A ferry crossing the Roman and medieval wreck site complex at the entrance to St. Peter’s Port, Guernsey.

A medieval hull recovered from the entrance to St. Peter’s Port, Guernsey.

Ship’s hulls need superstar status like the Mary Rose to warrant million-pound recovery projects or to be so unique that science demands their return to society from a watery grave. Does the 17th-century Swash Channel fit this magical bill? Will droves of tourists race to learn about this vessel’s secrets, bringing £500,000 into the coffers annually as at the Mary Rose Museum? The rudder should be lifted undeniably and its sculpture put on public display, as planned for the stern carving from HMS Colossus lost off the Scilly Isles in 1798.

Stuart Bacon examines 1,000 year-old timbers from the Buss Creek wreck, Suffolk. Photo: Suffolk Underwater Studies.

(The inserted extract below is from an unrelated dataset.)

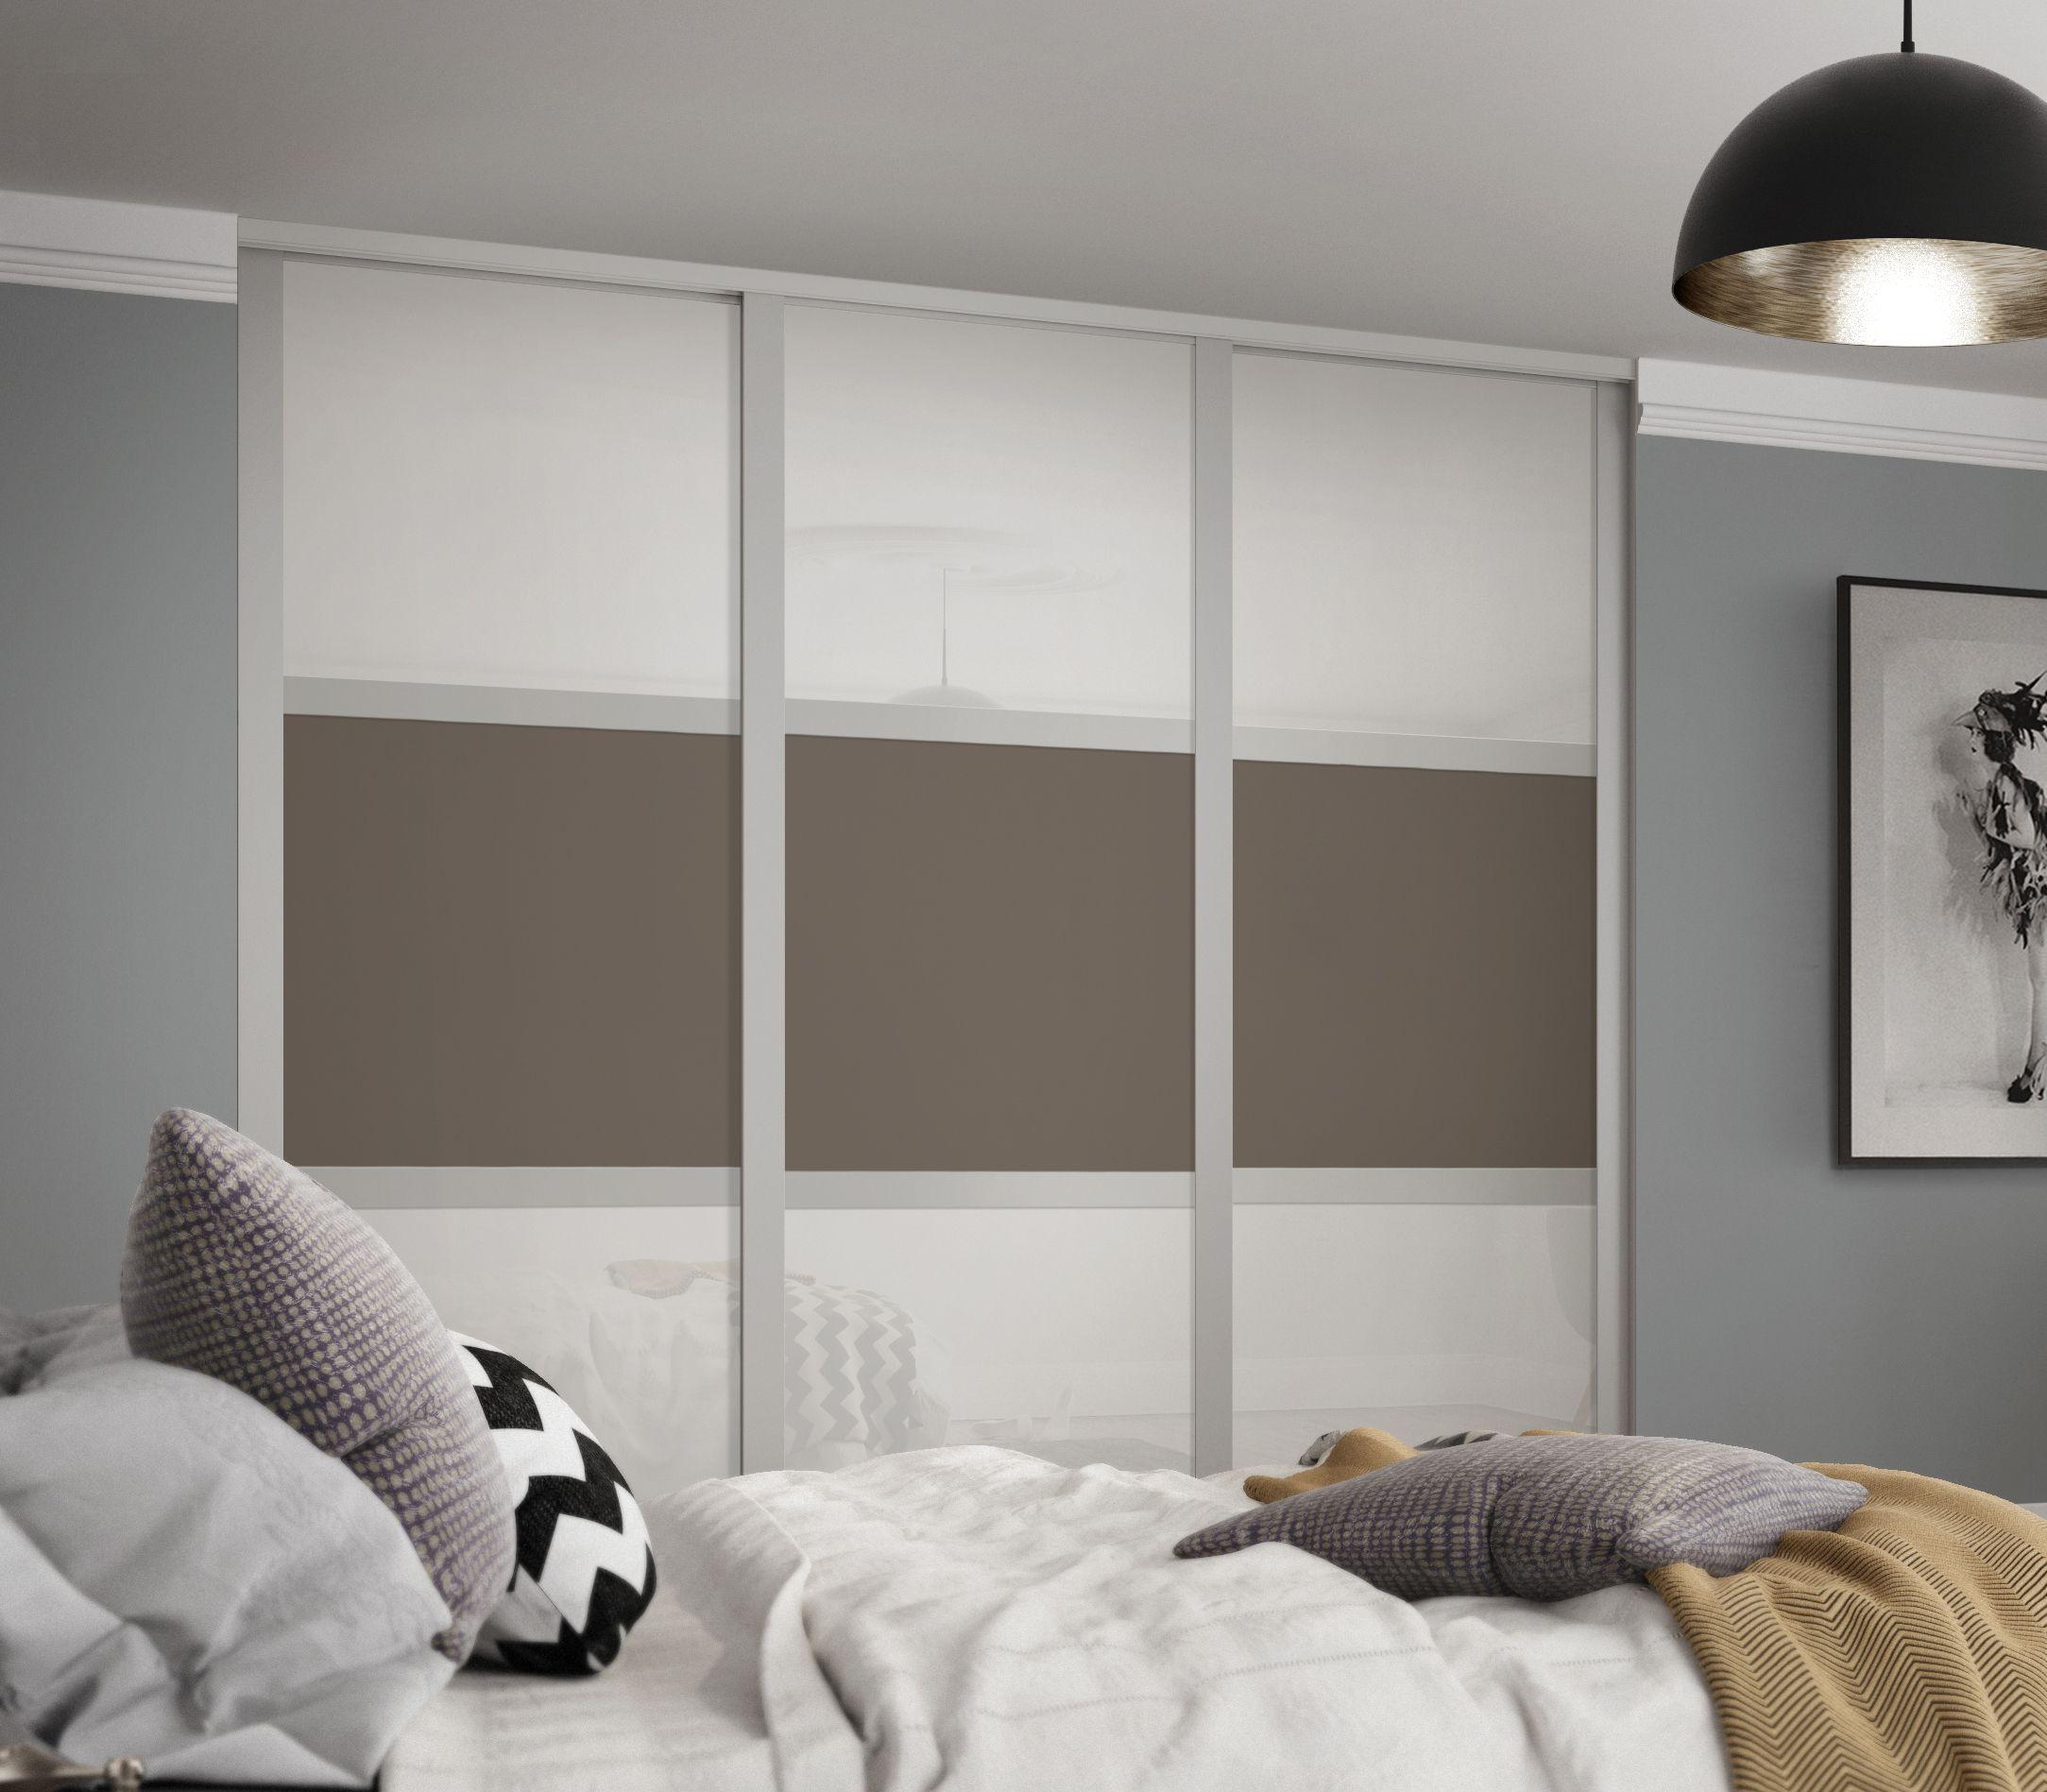 3 panel mirrored sliding closet doors - Deluxe Shaker 3 Panel Sliding Wardrobe Doors In Arctic White Stone Grey With Cashmere Frame
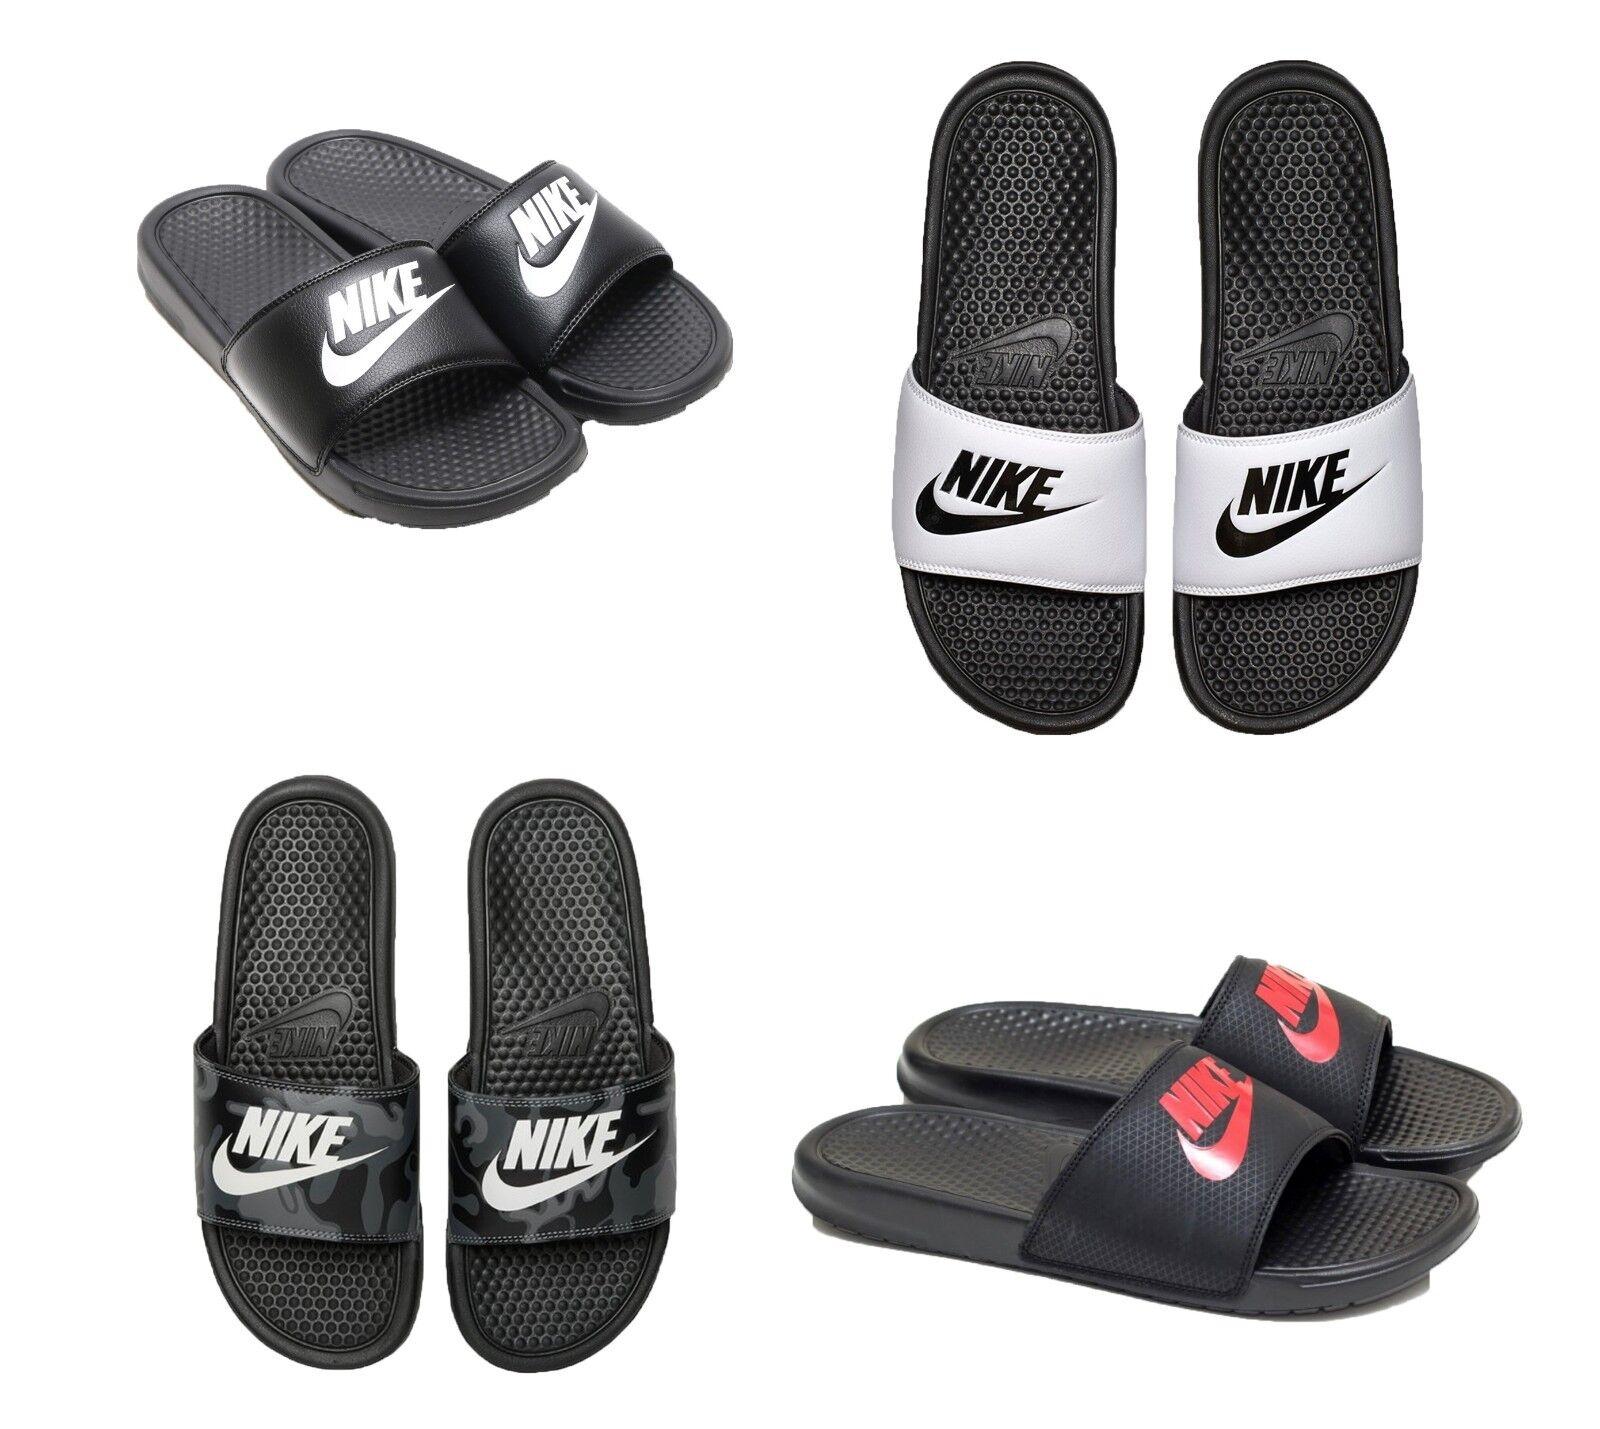 Nuovo 343880 Nike Benassi Jdi Infradito/Sandali 343880 Nuovo Bianco Nero 9 10 11 12 13 14 1a057e

If funds can be sourced to bankroll ambitious ship recoveries like the Swash Channel wreck, this is wonderful news. If the funds come from the public pockets of English Heritage or the Heritage Lottery Fund, might these timbers be better respected long-term reburied elsewhere in Poole Harbour, away from scoured ferries lanes, so that the resources could be freed up for other needy projects? Saving the artifacts on the Stirling Castle, lost in the Goodwin Sands during the great storm of 1703 and the best preserved wreck off the United Kingdom, is no less a matter of urgency. Only time will tell.

Meanwhile, there is no doubt that rather than graceful seahorses shipwrecked hulls like the Swash Channel wreck are the conger eels of marine archaeology: we know they are down there, to some they may be beautiful, but nobody wants to catch one and put it in a public aquarium. Get too close and you might bite off more than you can chew.